Monday 23 June 2014 by Gary Stanton

England World Cup bid to be made into disaster movie


England’s doomed World Cup campaign is to get the Roland Emmerich treatment, according to experts.

The film, which has the working title of “2014”, is being billed by optimists as the ‘biggest pile of shit since Independence Day’.

In his latest outing, director Emmerich charts the story of how plucky England boss Roy Hodgson, played by Roy Hodgson, overcomes a speech impediment to lead his country to a humiliating group stage exit.

And like many of Emmerich’s other offerings, it features no less than eleven abysmal performances.

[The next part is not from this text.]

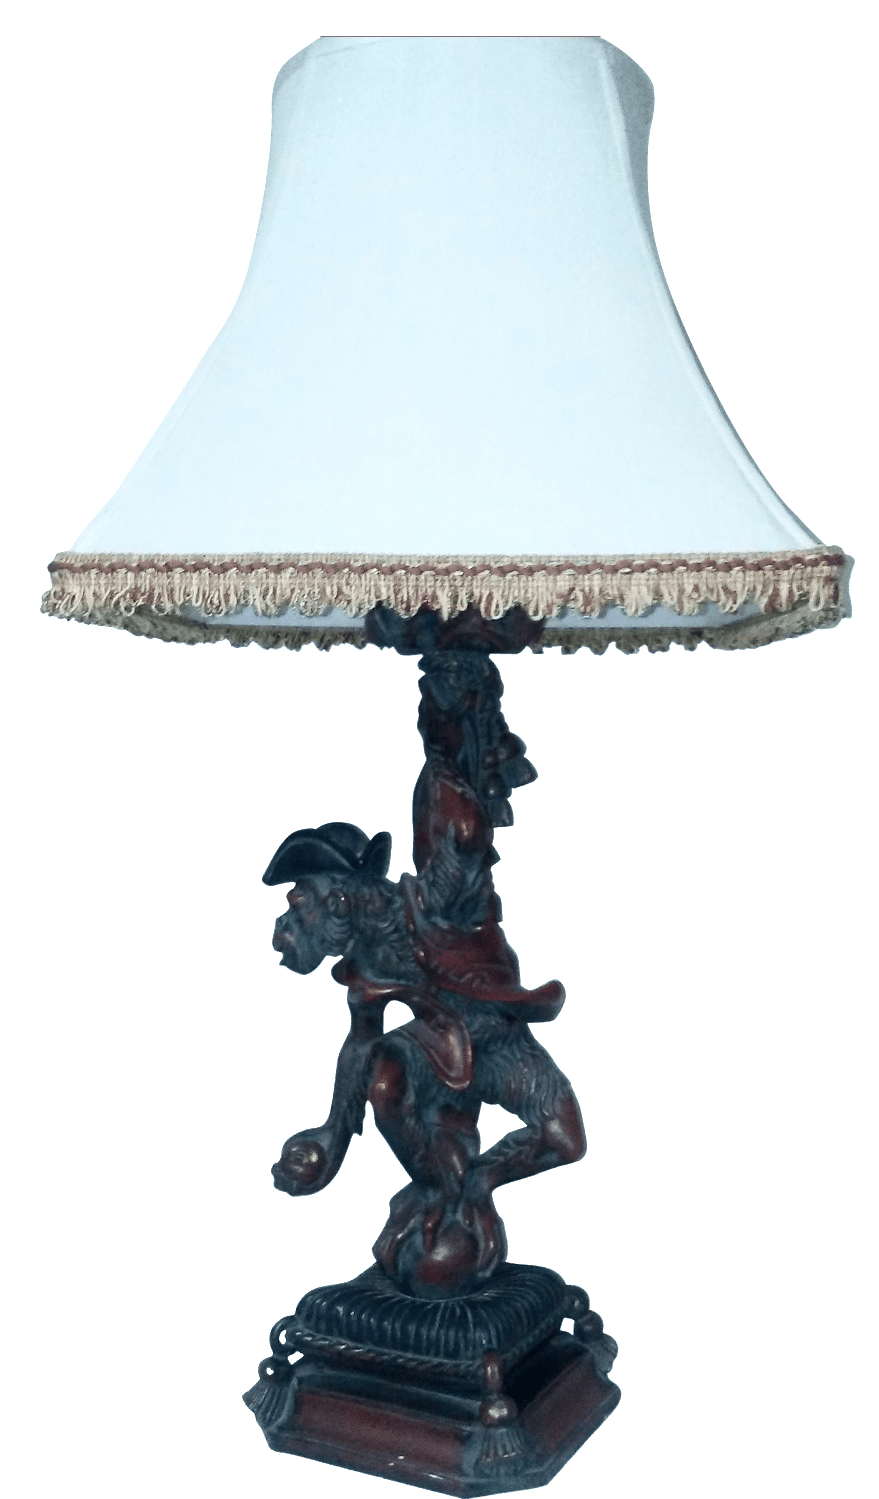 Vintage Monkey Table Lamp  Chairish

The tone is set early on when Roy Hodgson’s experimental 4-2-3-1 formation runs into trouble when an asteroid strike fails to accommodate Leighton Baines.

Things take a dramatic turn for the worse when England captain, Steven Gerard, is attacked by a ninety-metre anaconda after it fails to recognise his accent.

Luckily, Gerard emerges from the encounter with nothing worse than with strained ligaments after a Phil Neville commentary manages to put the beast to sleep.

England disaster movie

Critic Mark Kermode said, “Essentially, ‘2014’ is a meditation on how a country of sixty million people can fail to produce a half-decent full back.”

“Roland was a natural choice of director as, like much of the England squad, he hasn’t a fucking clue what he is doing.”

“In one memorable scene, set in a burning rainforest, when a tour guide asks players not to feed the monkey, Hodgson replies that Andros Townsend never made the trip.”

“Eagle-eyed film buffs will enjoy the cameo  by Nigel Farage who plays a cunt obsessed with foreigners.”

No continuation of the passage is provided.